A scuola di umiltà da Papa Francesco

A scuola di umiltà da Papa Francesco

Il brano del Vangelo di oggi, ha commentato Papa Francesco prima della recita dell’Angelus domenicale, è una vera e propria “lezione sul valore dell’umiltà“: per mezzo delle Parabole di oggi, infatti, “Gesù ci fa capire la necessità di scegliere l’ultimo posto, cioè di cercare la piccolezza e il nascondimento“, ha spiegato il Vescovo di Roma, in una parola: cercare l’umiltà.

L’episodio del Vangelo di oggi ci mostra Gesù nella casa di uno dei capi dei farisei, intento ad osservare come gli invitati a pranzo si affannano per scegliere i primi posti” – ha detto il Santo Padre rivolgendosi ai fedeli presenti in Piazza San Pietro –  “È una scena che abbiamo visto tante volte: cercare il posto migliore anche “con i gomiti”. Nel vedere questa scena, egli narra due brevi parabole con le quali offre due indicazioni: una riguarda il posto, l’altra riguarda la ricompensa“.

Per quanto riguarda la prima parabola, quella che tratta del posto, Gesù ci insegna che “l’orgoglio, l’arrivismo, la vanità, l’ostentazione sono la causa di molti mali“. Infatti quando perseguiamo il cammino della vanità siamo noi stessi che vogliamo scegliere il nostro posto nella vita, quando invece l’atteggiamento del cristiano deve essere quello di lasciare che sia Dio ad assegnarci il nostro posto.

Gesù, infatti, ci dice che “quando ci poniamo davanti a Dio in questa dimensione di umiltà, allora Dio ci esalta, si china verso di noi per elevarci a sé; «perché chiunque si esalta sarà umiliato, e chi si umilia sarà esaltato»“. Tuttavia Gesù ci dice anche un’altra cosa: coloro che saranno umili, lasciando che sia lo Spirito Santo a operare in loro, riceveranno una ricompensa ben superiore a quella che avrebbero potuto avere secondo il modo di pensare di questo mondo.

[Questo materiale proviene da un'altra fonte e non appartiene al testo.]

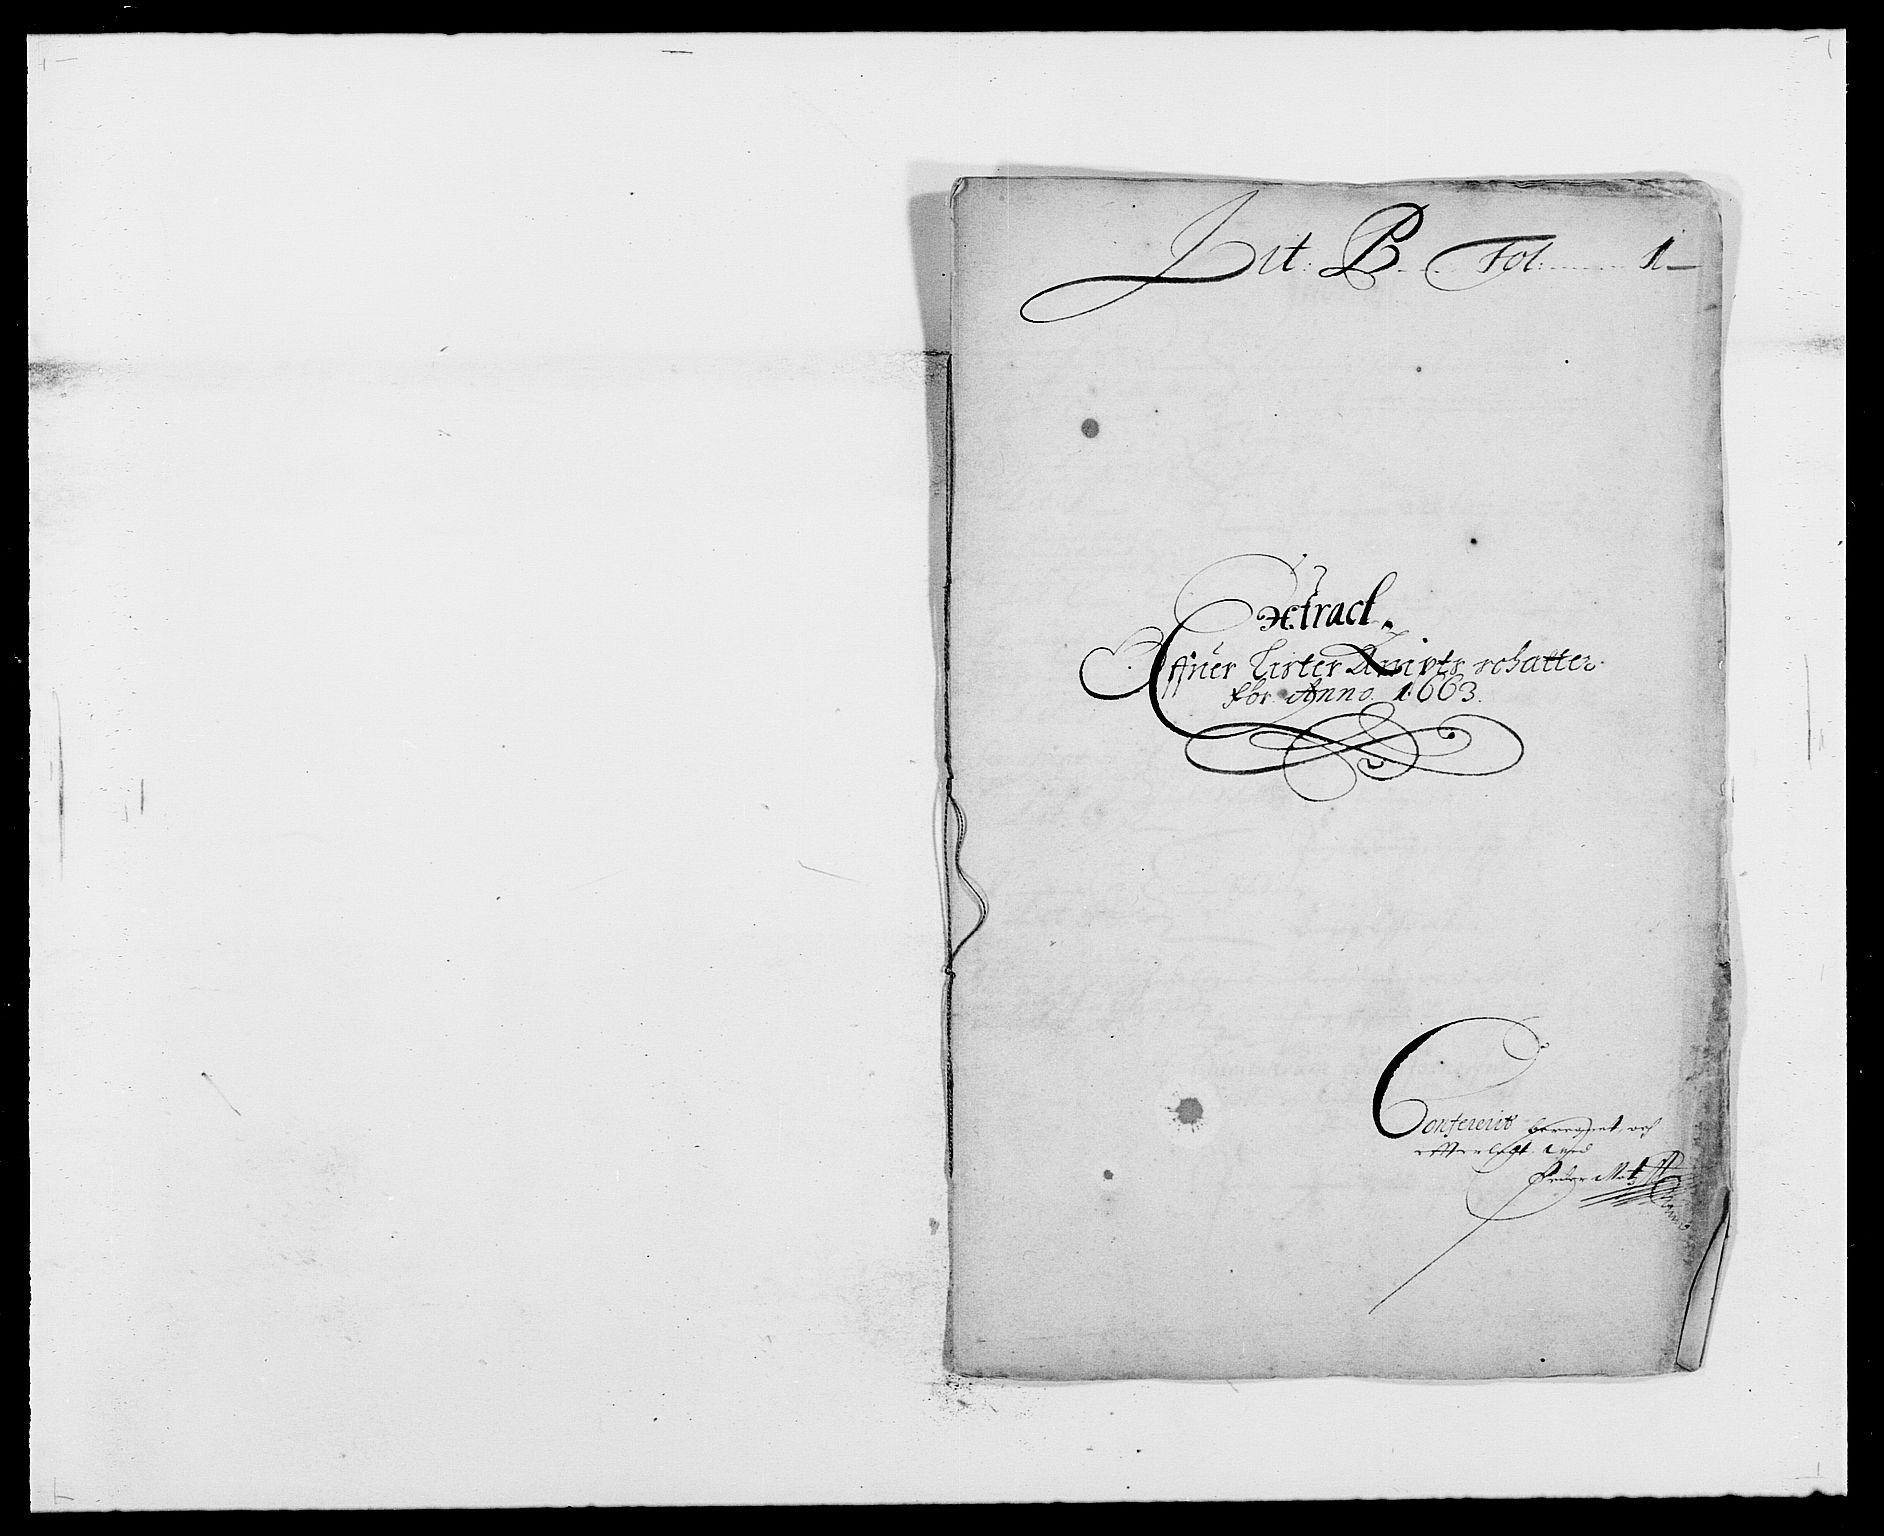 RA, Rentekammeret inntil 1814, Reviderte regnskaper, Fogderegnskap, R41/L2523: Fogderegnskap Lista, 1663-1664, s. 16
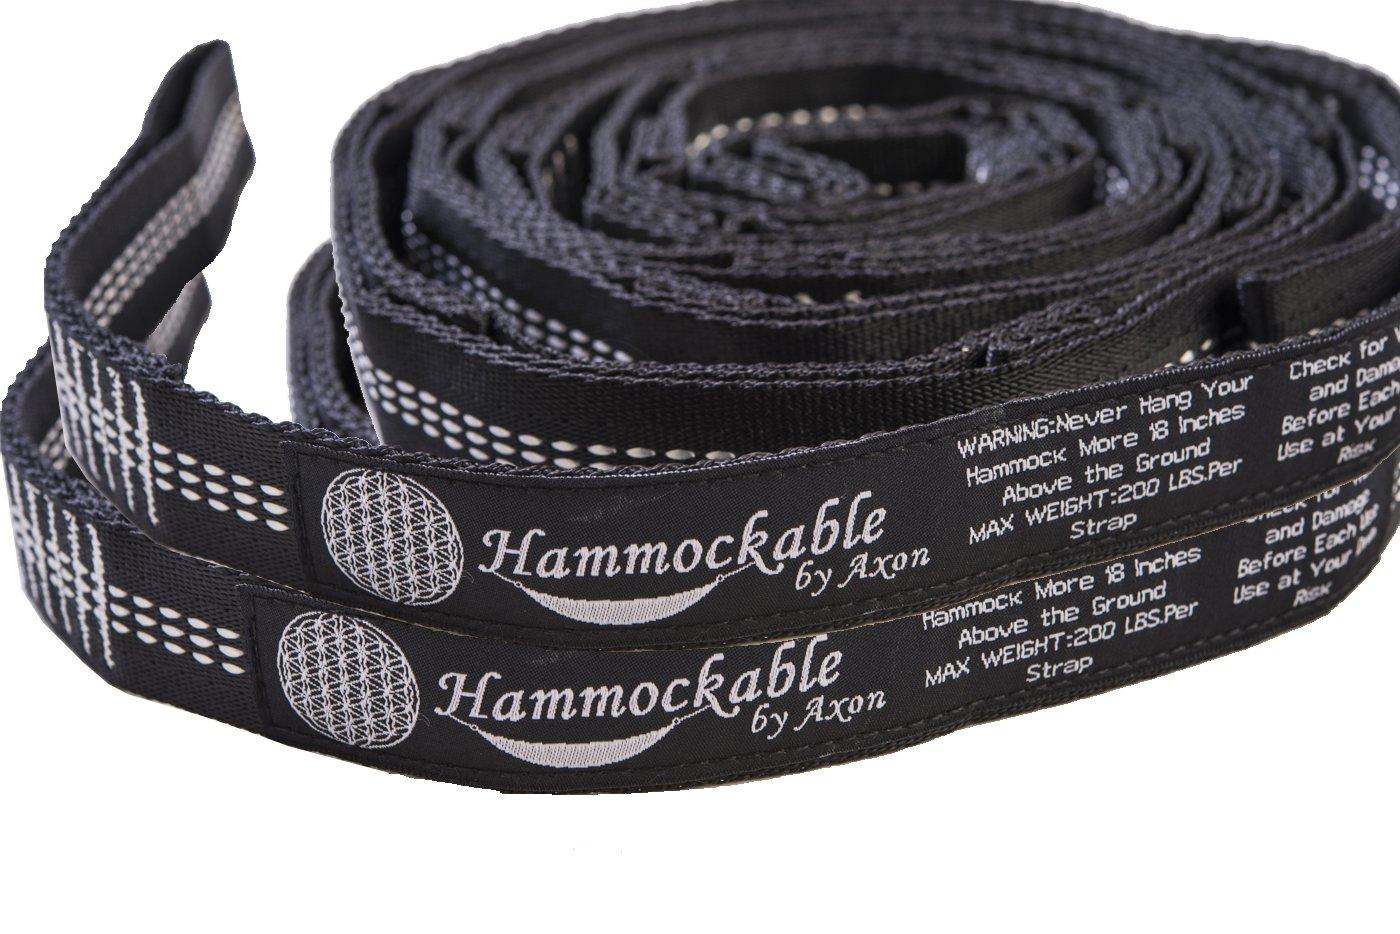 2 Loops /… Hammockable XL #1 Hammock Suspension System Combined 26 Ft Long Tree Strap Set w// 44

Infatti “Dio paga molto di più degli uomini! Lui ci dà un posto molto più bello di quello che ci danno gli uomini! – ha ricordato Papa Francesco – Il posto che ci dà Dio è vicino al suo cuore e la sua ricompensa è la vita eterna. «Sarai beato – dice Gesù – … Riceverai la tua ricompensa alla risurrezione dei giusti»“.

E questo è proprio quanto ci insegna la seconda Parabola di oggi. In questa, però, ha ulteriormente sottolineato Bergoglio, Gesù non solo ci dice che il cristiano deve “scegliere la gratuità invece del calcolo opportunistico che cerca di ottenere una ricompensa, che cerca l’interesse e che cerca di arricchirsi di più“, ma ci indica anche “la sua preferenza per i poveri e gli esclusi, che sono i privilegiati del Regno di Dio, e lancia il messaggio fondamentale del Vangelo che è servire il prossimo per amore di Dio“.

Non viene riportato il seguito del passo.